__SOURCE MATERIAL__:
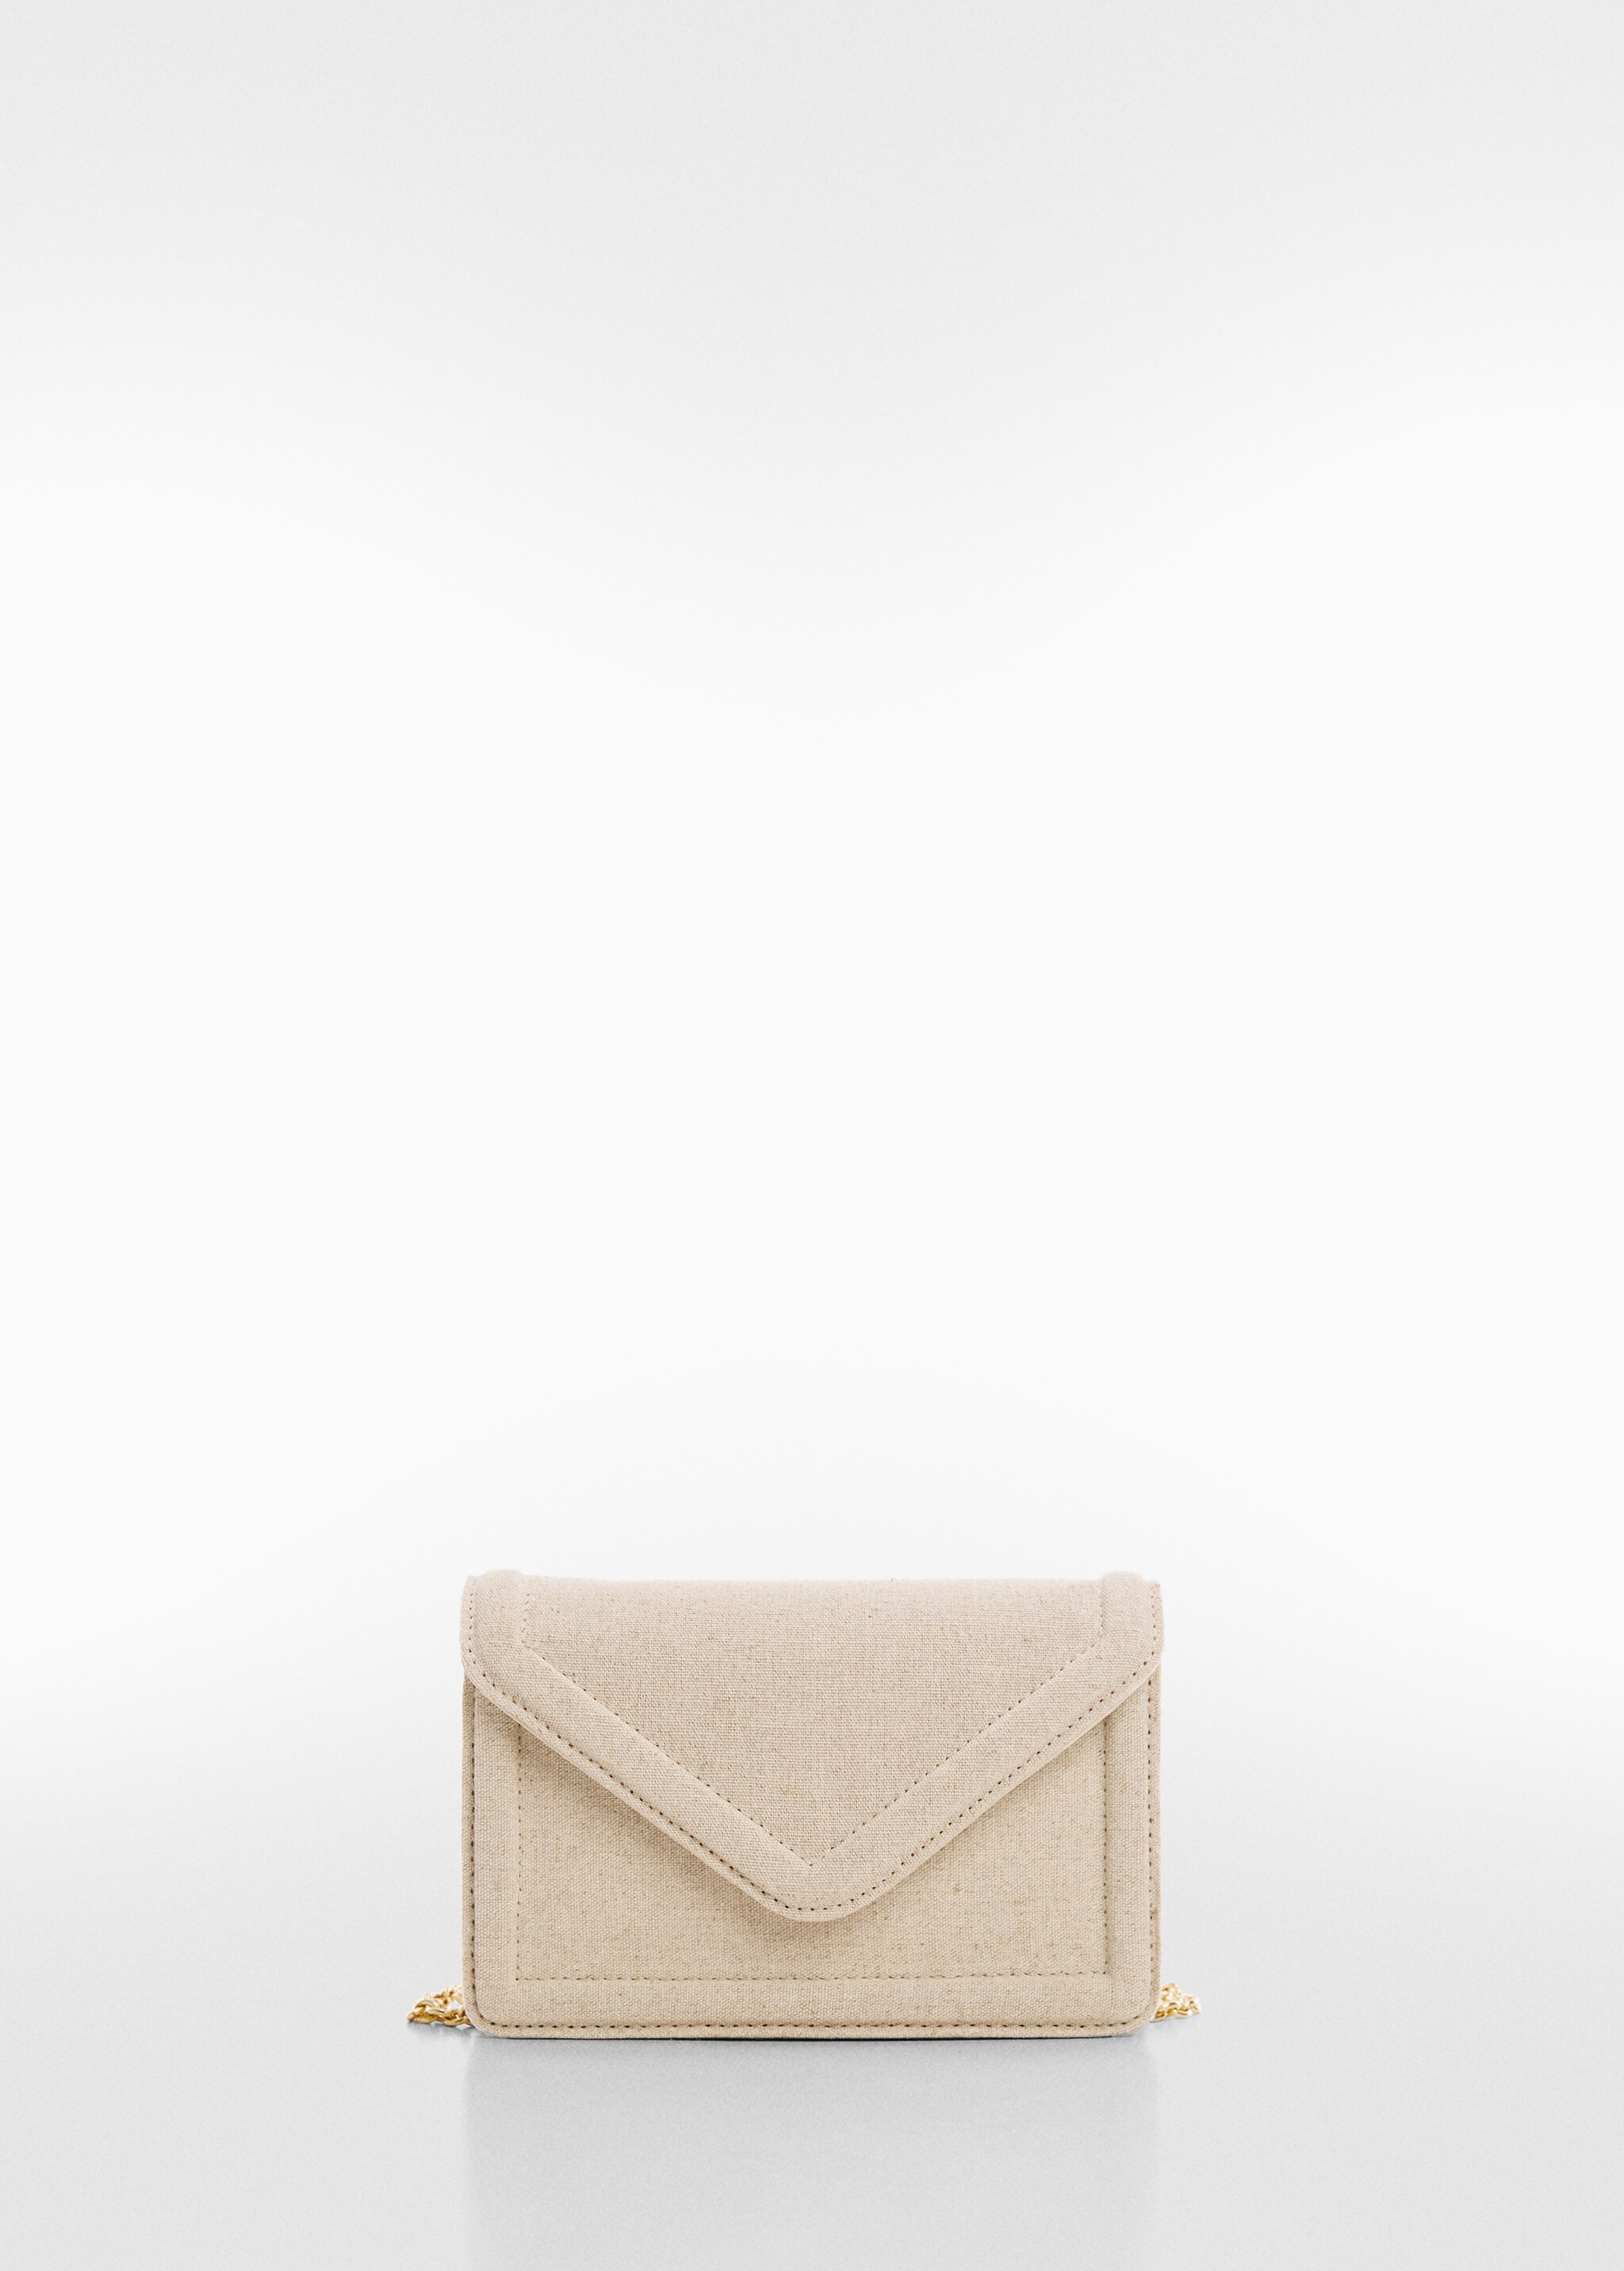 Textured bag with flap - Article without model
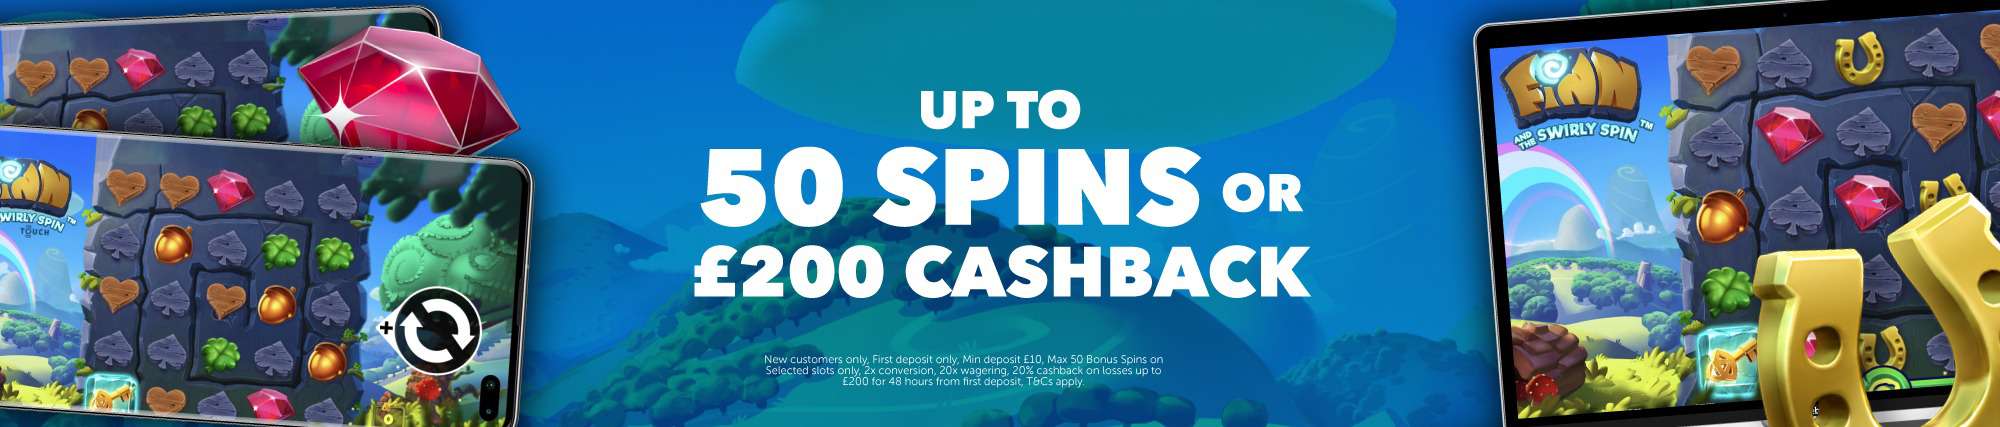 Sunset Spins Offers
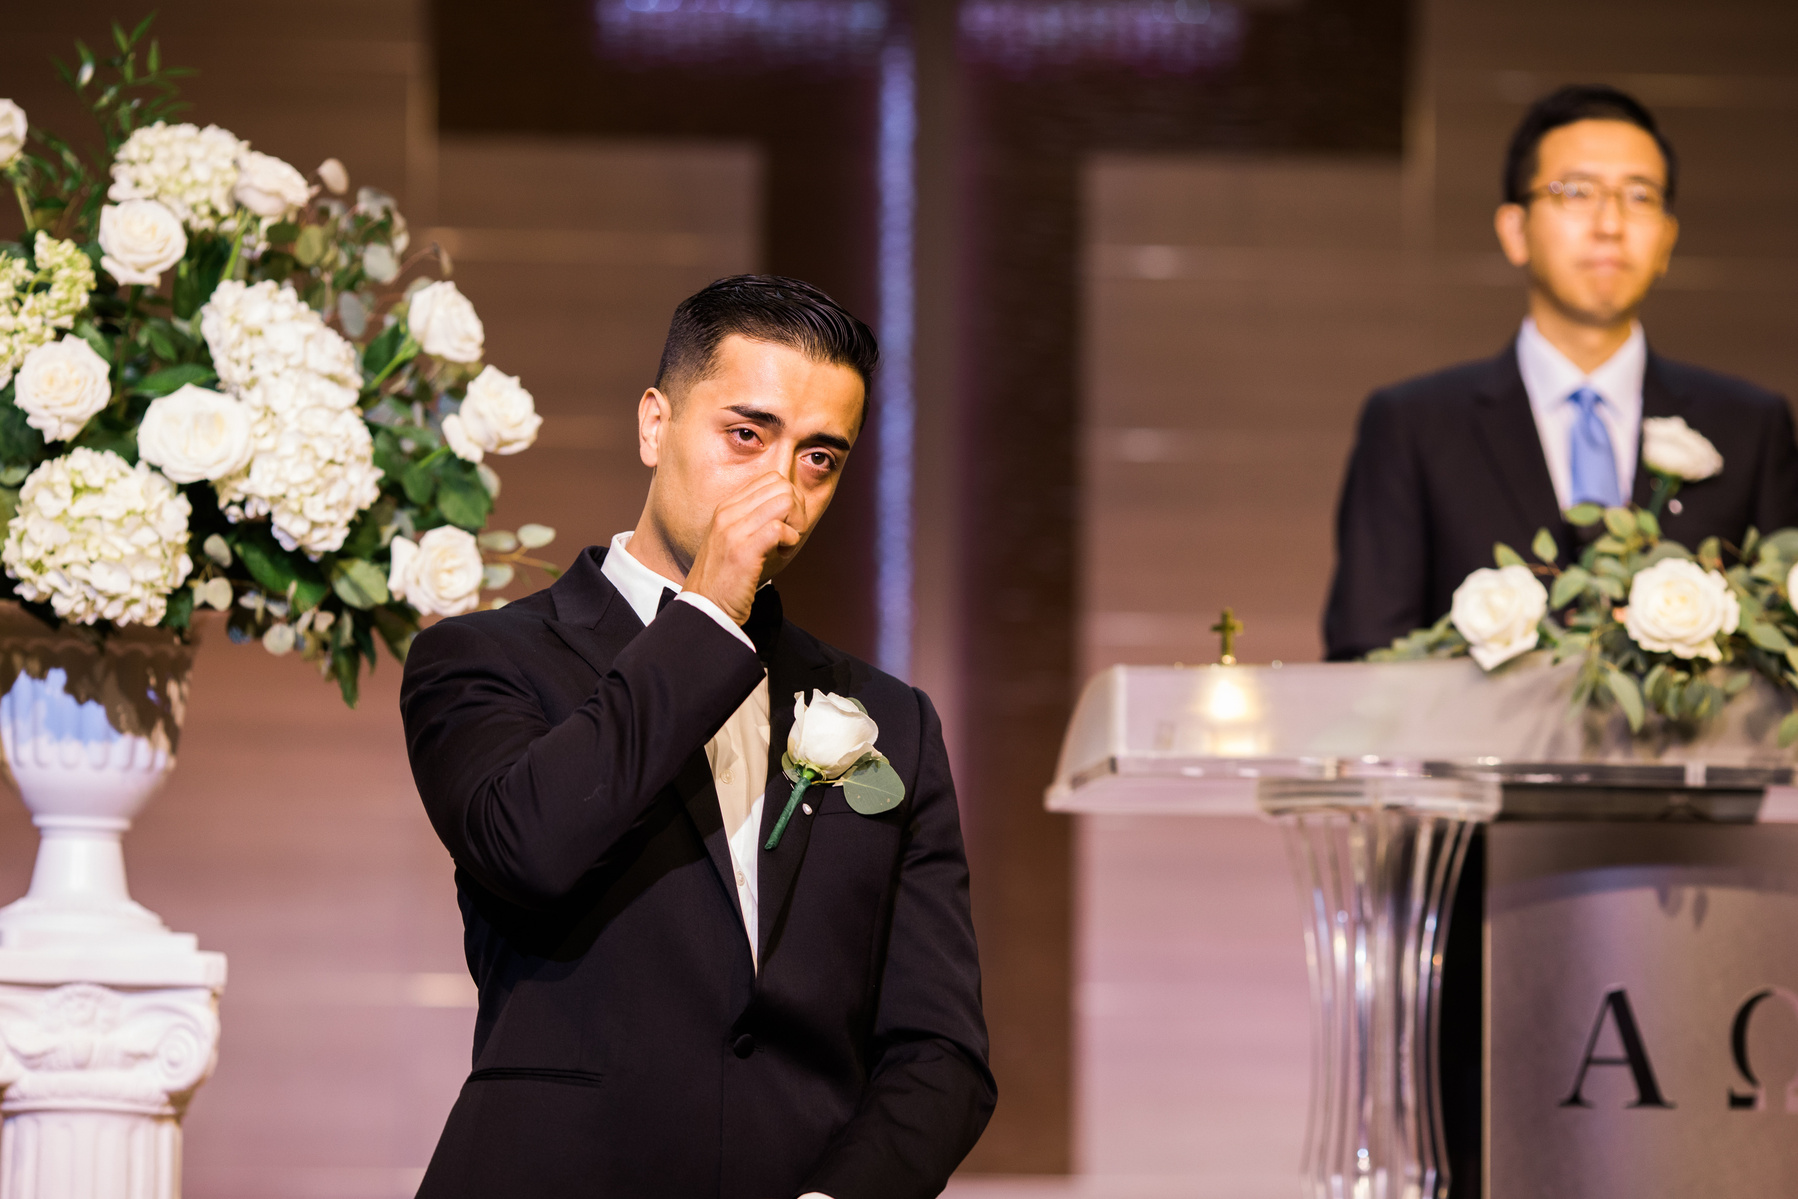 groom gets emotional seeing bride for the first time on their wedding day 
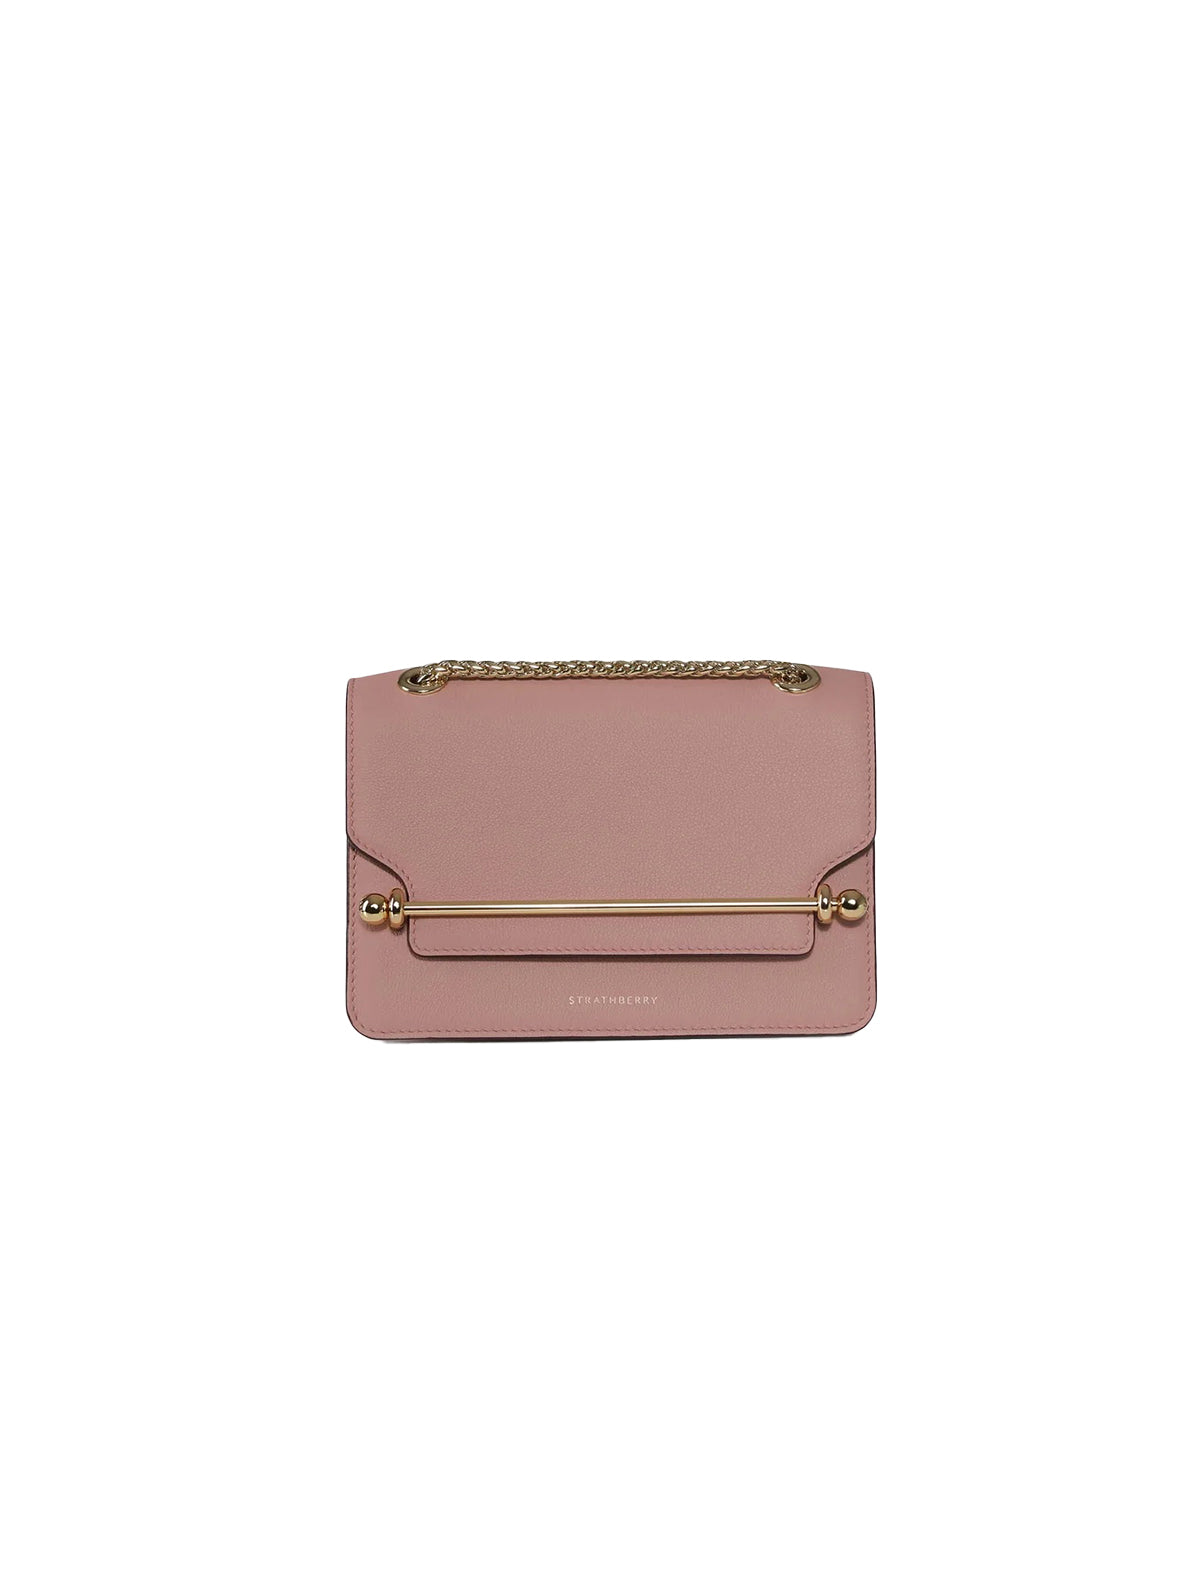 STRATHBERRY East/West Mini Bag in Blush Rose

__EXERCISE GOAL__: Leave every picture out, and transcribe the data above exactly as it reads.

__FINISHED EXERCISE__:
 Textured bag with flap - Article without model
 Sunset Spins Offers
 groom gets emotional seeing bride for the first time on their wedding day 
 STRATHBERRY East/West Mini Bag in Blush Rose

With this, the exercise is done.